** Task input **
::::

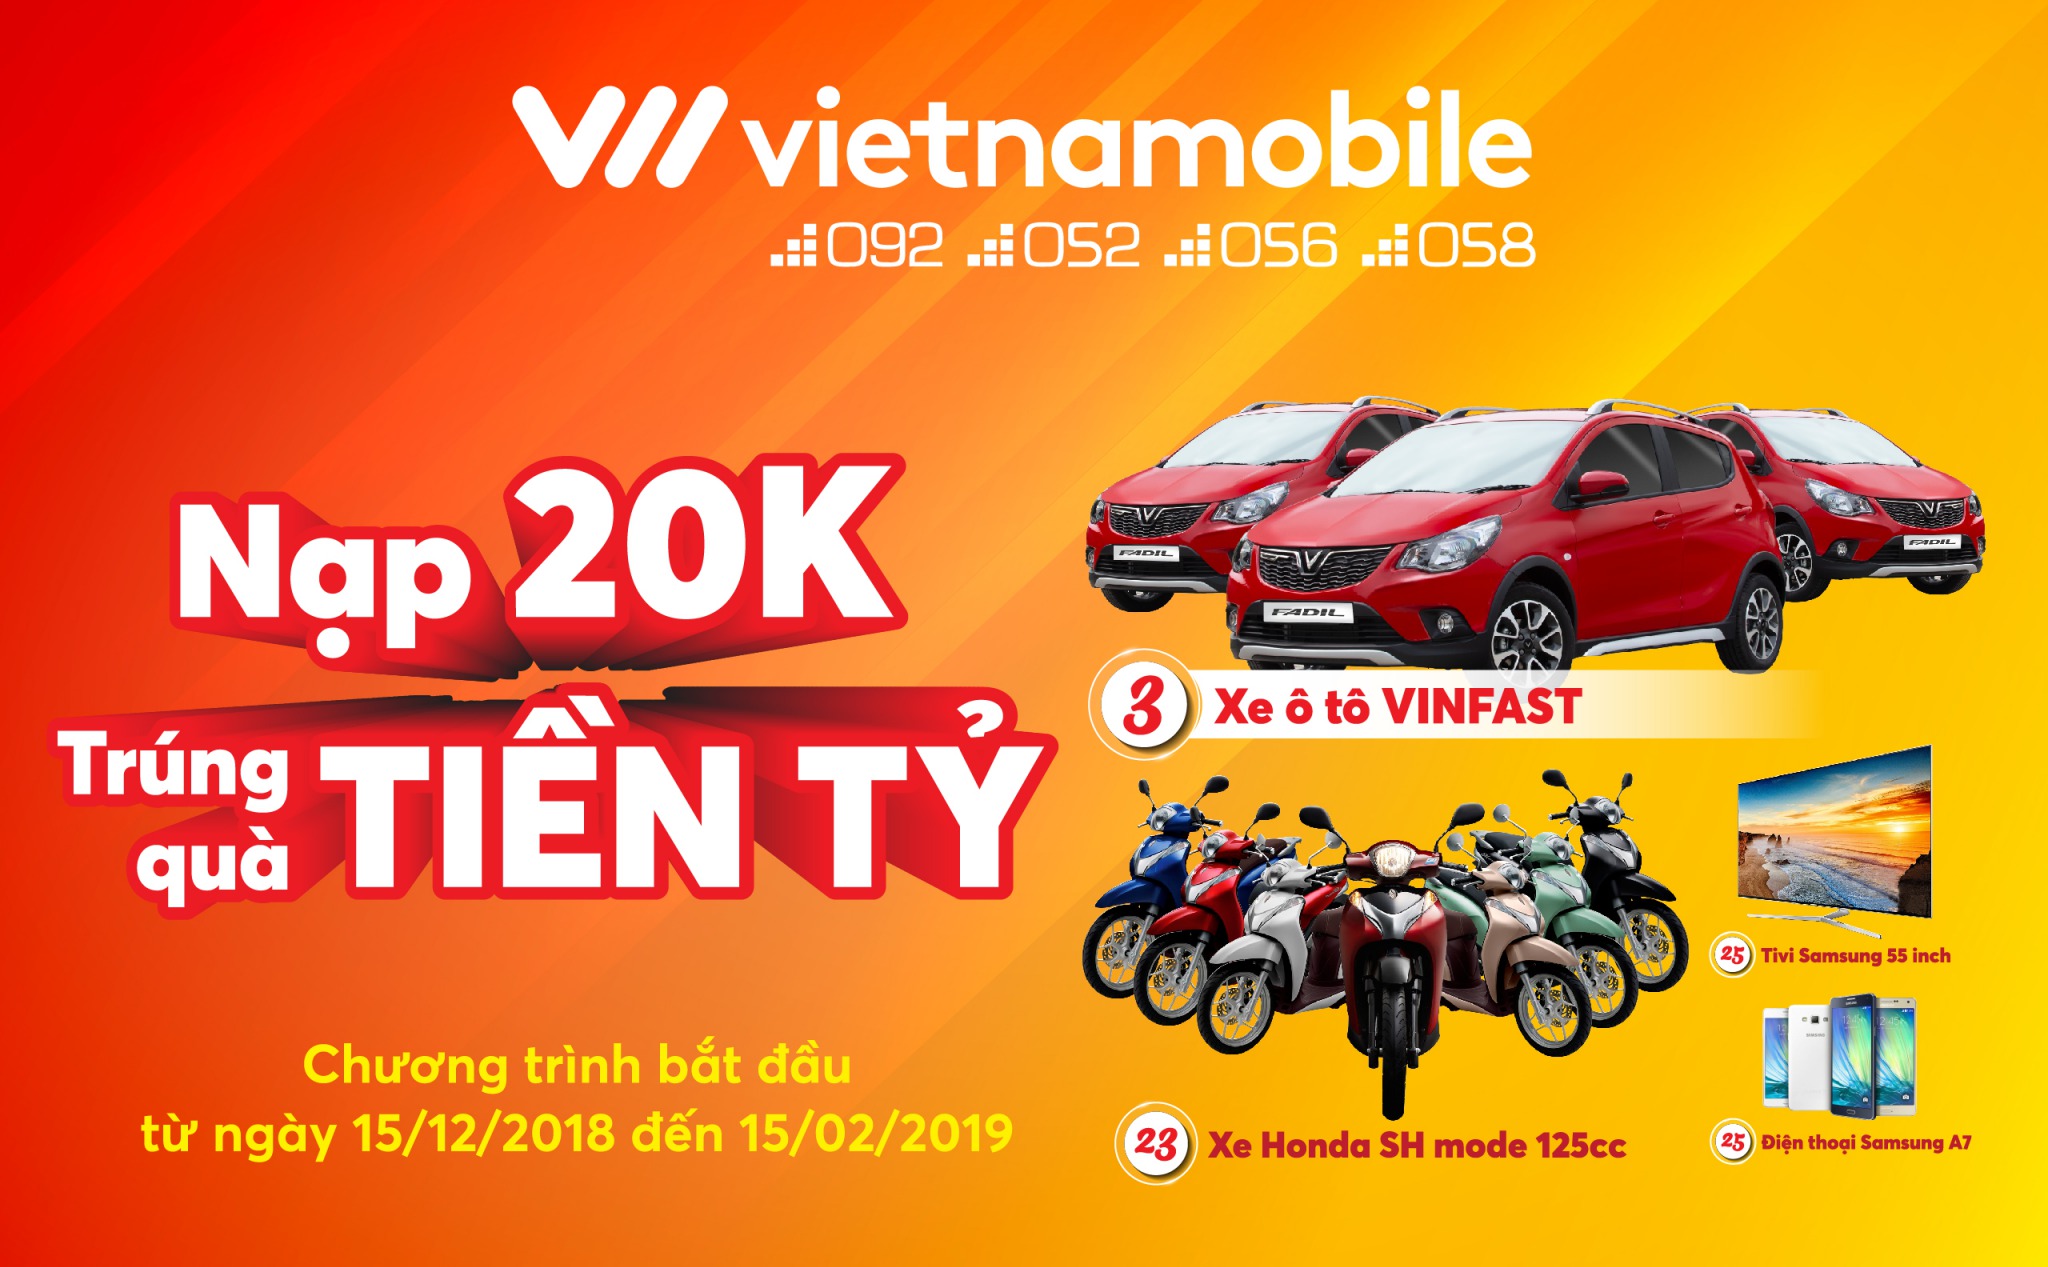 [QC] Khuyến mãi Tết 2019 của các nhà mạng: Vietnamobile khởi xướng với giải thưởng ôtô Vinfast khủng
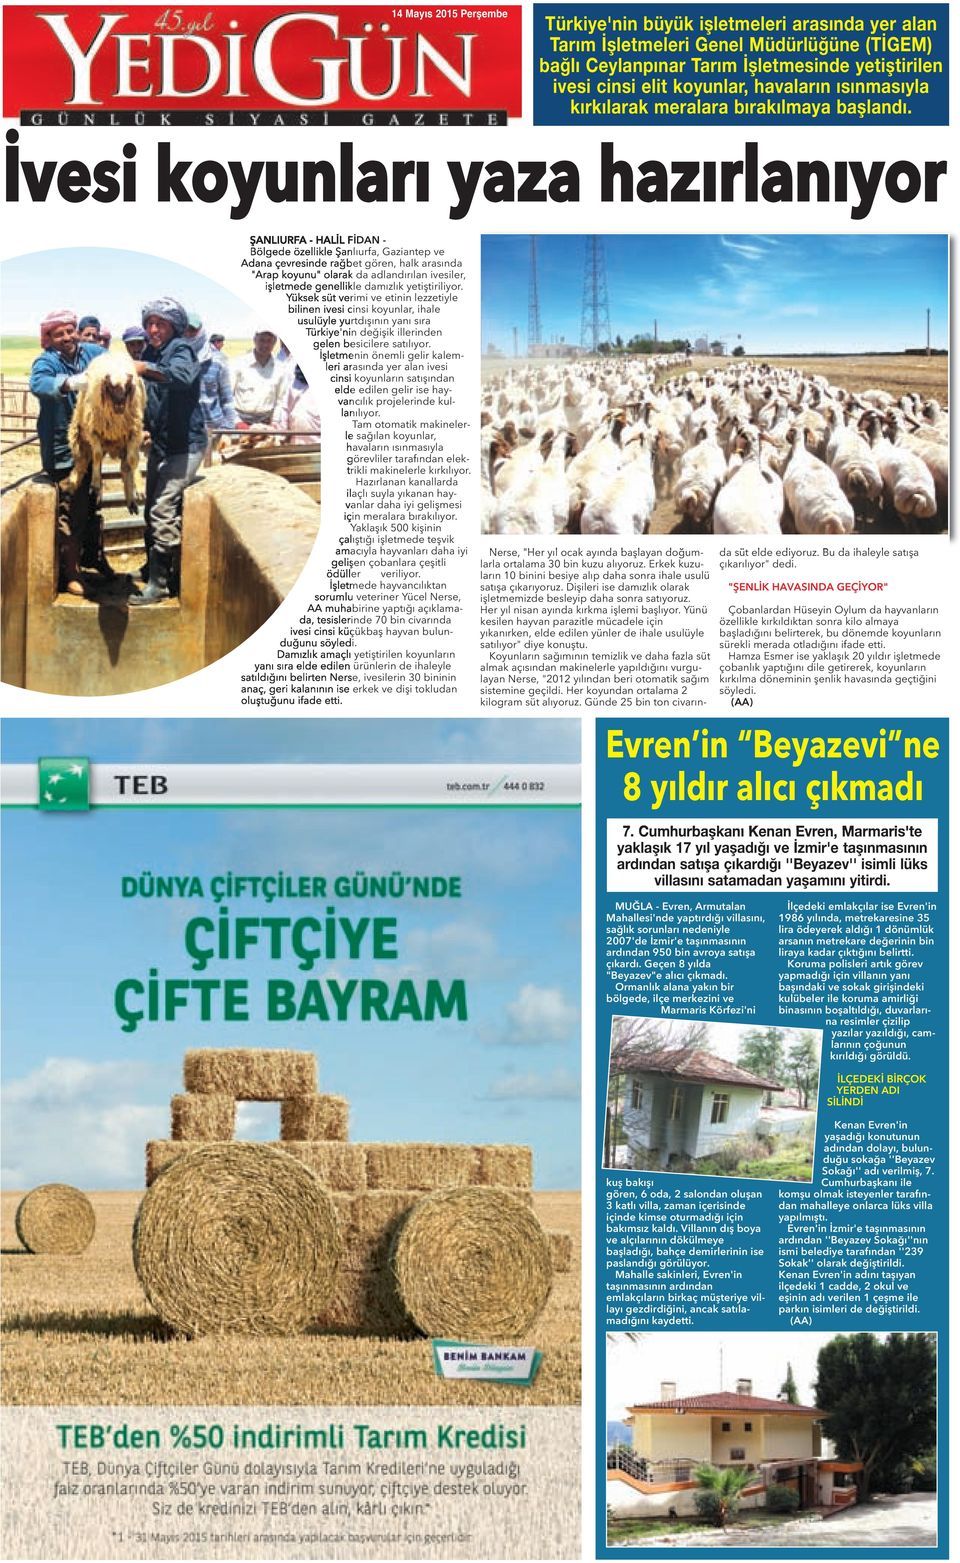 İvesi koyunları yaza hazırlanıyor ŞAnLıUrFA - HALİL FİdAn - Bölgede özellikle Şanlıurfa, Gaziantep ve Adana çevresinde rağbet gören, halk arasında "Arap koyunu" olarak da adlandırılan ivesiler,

::::

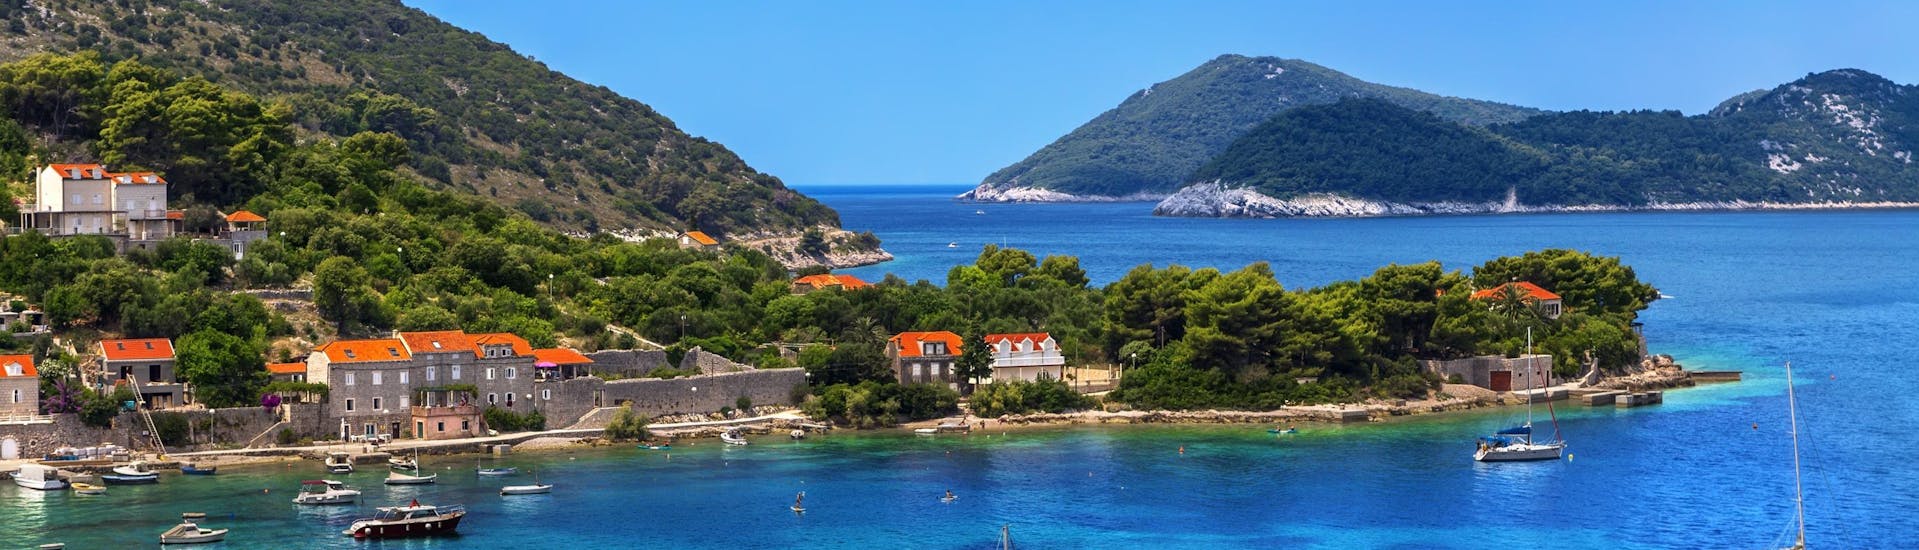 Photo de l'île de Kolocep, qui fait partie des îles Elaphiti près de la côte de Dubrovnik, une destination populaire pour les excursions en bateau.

::::

** Task to carry out **
Going by the entries above, repeat exactly the lines that start at the line with "[QC] Khuyến mãi" and go on through the line with "İvesi koyunları yaza". Pictures are not part of the copy.

** The answer **
 [QC] Khuyến mãi Tết 2019 của các nhà mạng: Vietnamobile khởi xướng với giải thưởng ôtô Vinfast khủng
 İvesi koyunları yaza hazırlanıyor ŞAnLıUrFA - HALİL FİdAn - Bölgede özellikle Şanlıurfa, Gaziantep ve Adana çevresinde rağbet gören, halk arasında "Arap koyunu" olarak da adlandırılan ivesiler,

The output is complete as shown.